Leader of the Palestinian Islamic Jihad Movement in Gaza Sheik Nafez 'Azzam, said in reaction to Al-Qaq's statements, "It is inconceivable that a nation would respect its murderers and the robbers of its rights and its land. Why do people speak only of the Jewish victims of World War II, without a word about our own victims and martyrs?! We must first and foremost teach our children of the catastrophes carried out by the Jews that afflicted and are still afflicting us. We must teach them the history of this conflict, which symbolizes the great wrong done to the Palestinian people, on the background of the silence and conspiracy to which most of the world's governments are party."
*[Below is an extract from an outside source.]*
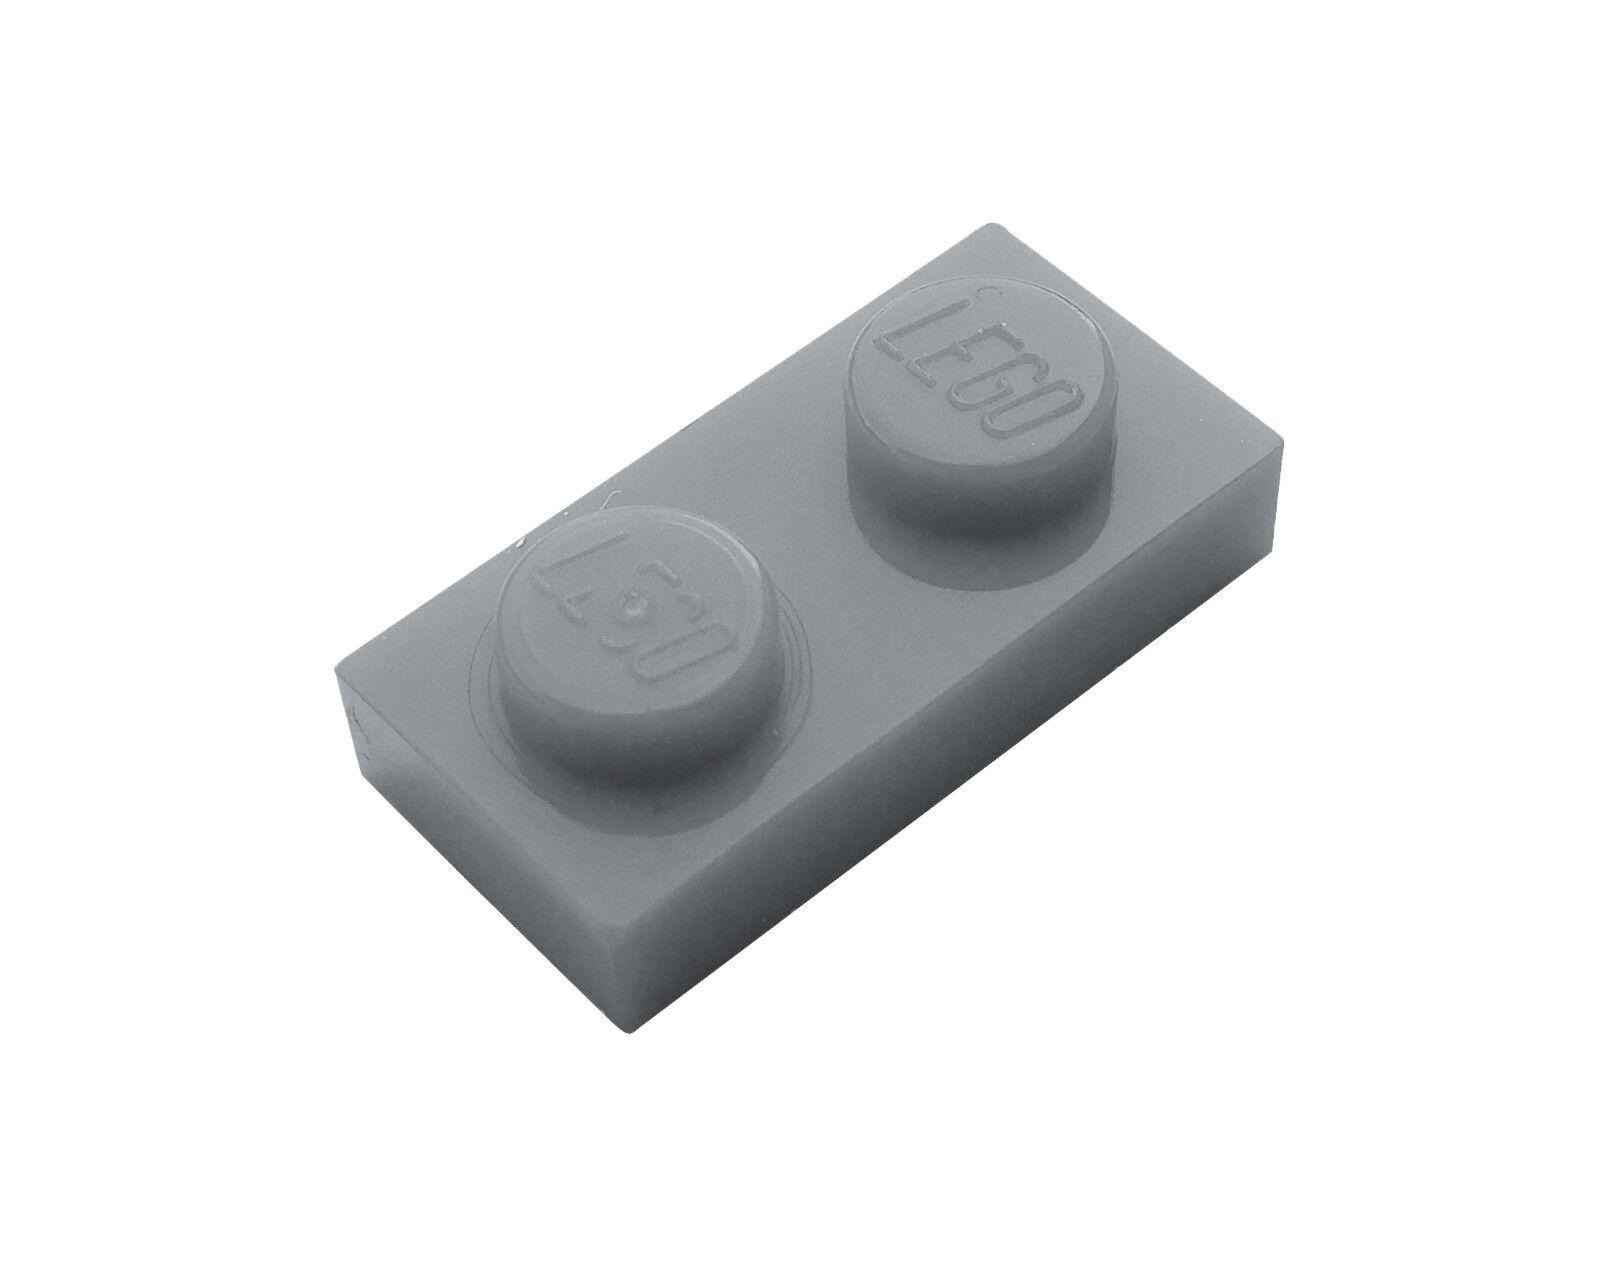 2x LEGO® 3033 6x10 Platte neu-hellgrau NEU light bluish gray plate

'Azzam stated, "Whoever gambles on brainwashing is bound to fail... Such a program will have no influence on the formation of the minds of the sons of the [Islamic] nation. The intention to teach the Holocaust in Palestinian schools contradicts the natural order of the universe."[17]

'It is Unfair to Diminish the Importance of the Persecution Suffered by the Jews, But…'

In contrast, Sheik Jamal Mansour, a Hamas leader, said, "It is unfair to deny the Holocaust or to diminish the importance of the persecution suffered by the Jews. We must clearly condemn it and stand by the oppressed – whoever they may be – and against the oppressor." However, Sheik Mansour explained that the problem lies with "the West, which takes a rigid stance when it comes to the history of the Jews with the Nazis, and compels all governments and peoples to teach a single history of the Holocaust. In addition, the West uses Zionist historians to establish this [narrative] and turn it into an axiom that cannot be questioned."

"At the same time, they want us to forget all the massacres, the tens of thousands of victims, the millions of exiles, our confiscated land, our occupied land, and our blood which continues to be spilled... The Jews have mobilized the so-called free and civilized world to subjugate its victims, apologize for their history, and to undertake [to ensure] their well-being and their strength in the future – all because of one crazy man who was an enemy to the entire world, not only the Jews, and who murdered 20 million Russians with his own hands."[18]

*Aluma Solnick is a Research Associate with MEMRI.

[1]Haaretz (Israel), February 5, 2003.

[2]When asked about his impressions of the visit, Al-Khattib said he had a broad point of view that wasn't restricted to scheming against the Jewish people. He rejected the statement that participation in such delegations was out of the question because the Jews were committing similar crimes against the Palestinian people, and explained that he had participated in the delegation for humanitarian and cultural reasons, but was opposed to how the Jews' tragedy was being used in Europe "to legitimize the acts taking place today in the West Bank, Gaza, and within Israel." See Kul Al-Arabi (Israel), May 5, 2000.

[3]Al-Hayat Al-Jadida (London), February 27, 2003.

[4]Faisal Al-Maqal (Israel), March 7, 2003.

[5]Al-Mash'had Al-Asra'ili, supplement in Al-Ayyam (Palestinian Authority), February 11, 2003.

[6]Faisal Al-Maqal (Israel), April 28, 2003.

[7]Haaretz (Israel), February 5, 2003.

[8]Al-Hayat (Palestinian Authority), February 11, 2003.

[9]Haaretz (Israel), February 5, 2003.

[10]Haaretz (Israel), February 5, 2002.

[11]Al-Quds Al-Arabi (London), April 11, 2000.

[12]Al-Risala (Palestinian Authority), April 13, 2000.

[13]Al-Risala (Palestinian Authority), April 13, 2000.

[14]Al-Istiqlal (Palestinian Authority), April 20, 2000.

[15]Al-Risala (Palestinian Authority), April 13, 2000.

[16]Al-Istiqlal (Palestinian Authority), April 20, 2000.

[17]Al-Istiqlal (Palestinian Authority), April 20, 2000.

[18]Al-Risala (Palestinian Authority), April 13, 2000.